John Danowski

Current position
- Title: Head coach
- Team: Duke University
- Record: 495–230

Biographical details
- Born: March 12, 1954 (age 72) Bronxville, New York

Playing career
- 1973–1976: Rutgers

Coaching career (HC unless noted)
- 1982: C.W. Post (asst.)
- 1983–1985: C.W. Post
- 1986–2006: Hofstra
- 2007–present: Duke

Accomplishments and honors

Championships
- 3 NCAA Division I (2010, 2013, 2014);

Awards
- 3× F. Morris Touchstone Award (1993, 2010, 2013);

= John Danowski =

American lacrosse coach (born 1954)

John Danowski (born March 12, 1954) is an American college lacrosse coach who has been the head coach of the Duke Blue Devils men's lacrosse team since the 2007 season. Previously, he had spent 21 seasons as the head coach at Hofstra. Danowski coached Duke to the National Collegiate Athletic Association (NCAA) Men's Lacrosse Championship in 2010, 2013, and 2014, and appearances in the national championship game in 2007, 2018, and 2023. He is a three-time winner of the F. Morris Touchstone Award as the NCAA men's lacrosse coach of the year, earning the honor in 1993, 2010, and 2013. One of nine coaches to lead three NCAA Division I championship teams, Danowski has won more games than any other Division I lacrosse coach. In addition, he is the head coach of the United States men's national lacrosse team, which he led to the gold medal at the 2018 World Lacrosse Championship.

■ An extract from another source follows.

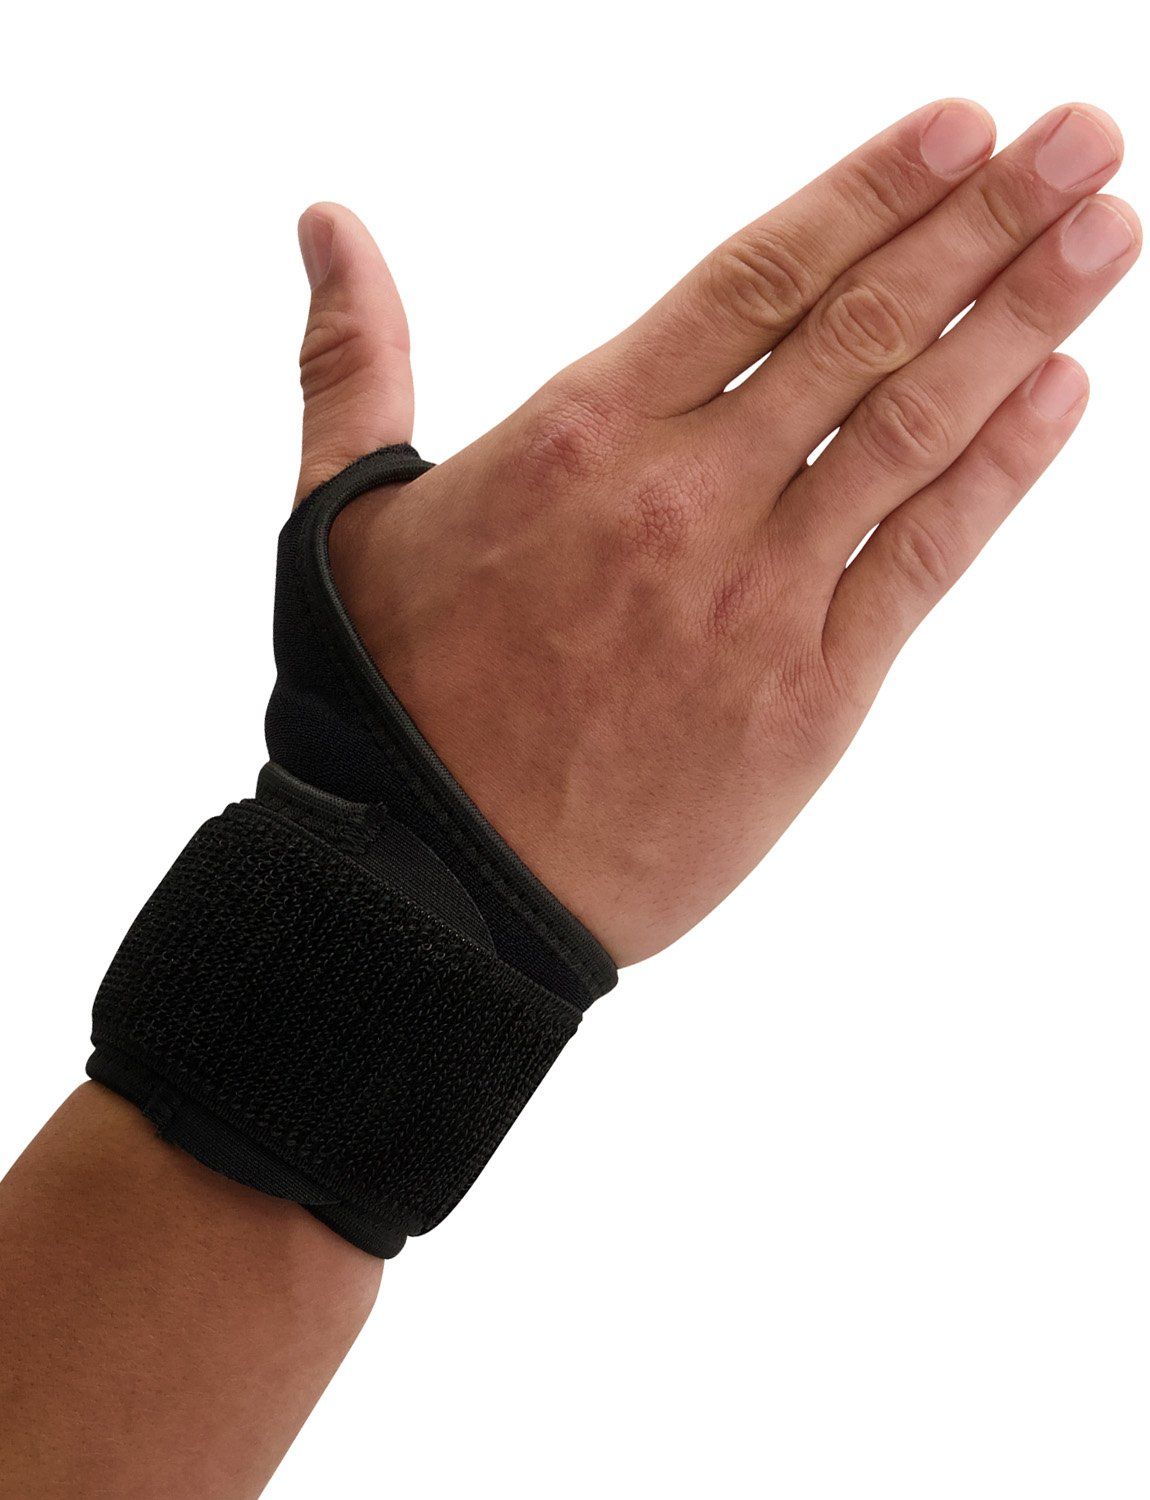 medidu wrist support for sale

==Early life and college==
Born in Bronxville, New York, Danowski attended East Meadow High School and played lacrosse from 1969 to 1972, helping his team win the county championship twice. He went to Rutgers University and played for the school's men's lacrosse team for four seasons, from 1973 to 1976. He led the team in assists three times and, as of 2011, is Rutgers' record-holder for assists in a season, having assisted on 54 goals during the 1973 season. That year, Danowski also set the team record with 13 assists in a game against Penn State, and in 1974 he compiled a school-record 14 points in a game. Danowski graduated from Rutgers in 1976, and gained a master's degree in 1978 at C.W. Post.

==Coaching career==

===C.W. Post===
In 1982, C.W. Post hired Danowski as an assistant coach for its men's lacrosse team, under Tony Seaman. The following year, he was promoted to head coach. Danowski spent three seasons as head coach for C.W. Post, compiling a 27–16 win–loss record.

===Hofstra===
Danowski became the head coach at Hofstra before the 1986 season. In the year before Danowski joined the school, the team had a 3–11 record. Hofstra improved under Danowski, and by 1988 the team had reached the top 15 in national polls. That year, Hofstra earned the East Coast Conference championship, and added another in 1989. In 1993, Hofstra reached the NCAA Tournament for the first time in 15 seasons, defeating three teams ranked in the top 10 during the season. Hofstra won its first-ever NCAA Tournament game before losing to Syracuse in the quarterfinals. Danowski was honored as coach of the year in the NCAA's Division I.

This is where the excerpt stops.